Jeep Grand Cherokee owners are hitting Fiat Chrysler with a lawsuit over the design defect that is suspected in the death of "Star Trek" actor Anton Yelchin.
Law firm Hagens Berman Sobol Shapiro LLC filed the suit Thursday, claiming the company "fraudulently concealed and failed to remedy a gear shifter design defect affecting 811,000 vehicles and linked to driverless rollaway incidents."
Those vehicles include 2014-2015 Jeep Grand Cherokees, 2012-2014 Chrysler 300s and 2012-2014 Dodge Chargers, according to the firm.
Additionally, Steve Berman, the firm's managing partner, said Maserati owners included in a recent recall could also join the suit. Maserati, which is owned by FCA, is recalling about 13,000 sedans that have the same sort of gear shifter that was used in the Jeep that killed Yelchin.
"In making these vehicles, Fiat Chrysler failed at adequately and responsibly designing one of the most basic safety features -- the gear shifter," Berman said.
The suit will seek class action status for the car owners, looking to force Fiat Chrysler to compensate them for the diminished value of their vehicles following the "raft of negative publicity" brought on by Yelchin's death, according to the complaint.

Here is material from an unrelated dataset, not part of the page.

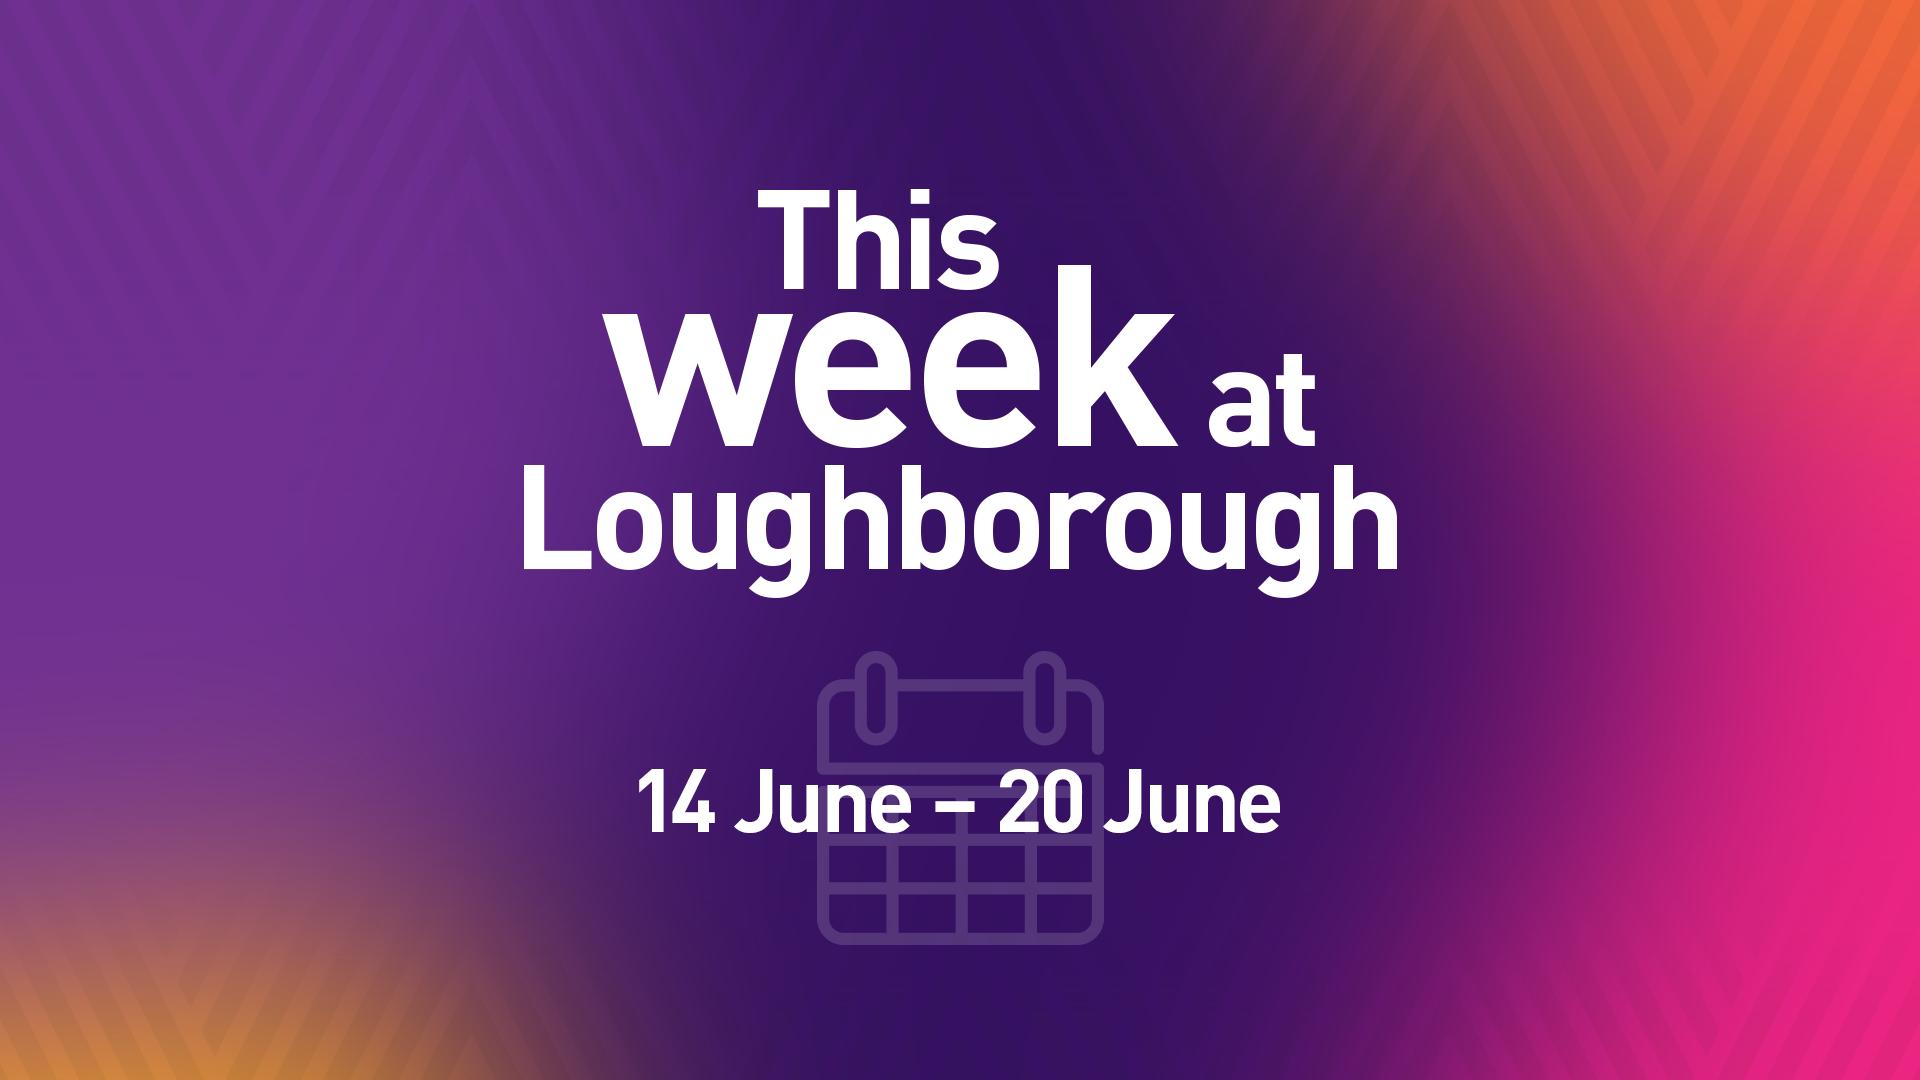 This Week at Loughborough | 14 June

The suit doesn't specify how much it is seeking in total or for each car owner.
The death of Yelchin, 27, brought the gear shift issue to national attention when he was crushed by his Jeep outside his Los Angeles home on June 19.
According to law enforcement, Yelchin's Jeep rolled down his driveway and pinned him to a brick post in front of his Los Angeles home.
Fiat Chrysler ( did file a recall notice for about 1.1 million cars -- including the Jeep model that Yelchin owned -- with federal regulators in April, citing issues with the gear selector. But owners had only received a warning and not an official recall notice at the time of Yelchin's death. )
More than 100 crashes have been reported due to a gear selector problem that caused driver confusion about whether the car was in park. More than two dozen injuries have been caused by these rollaways, according to federal reports.
The company did not immediately respond to CNNMoney's requests for comment.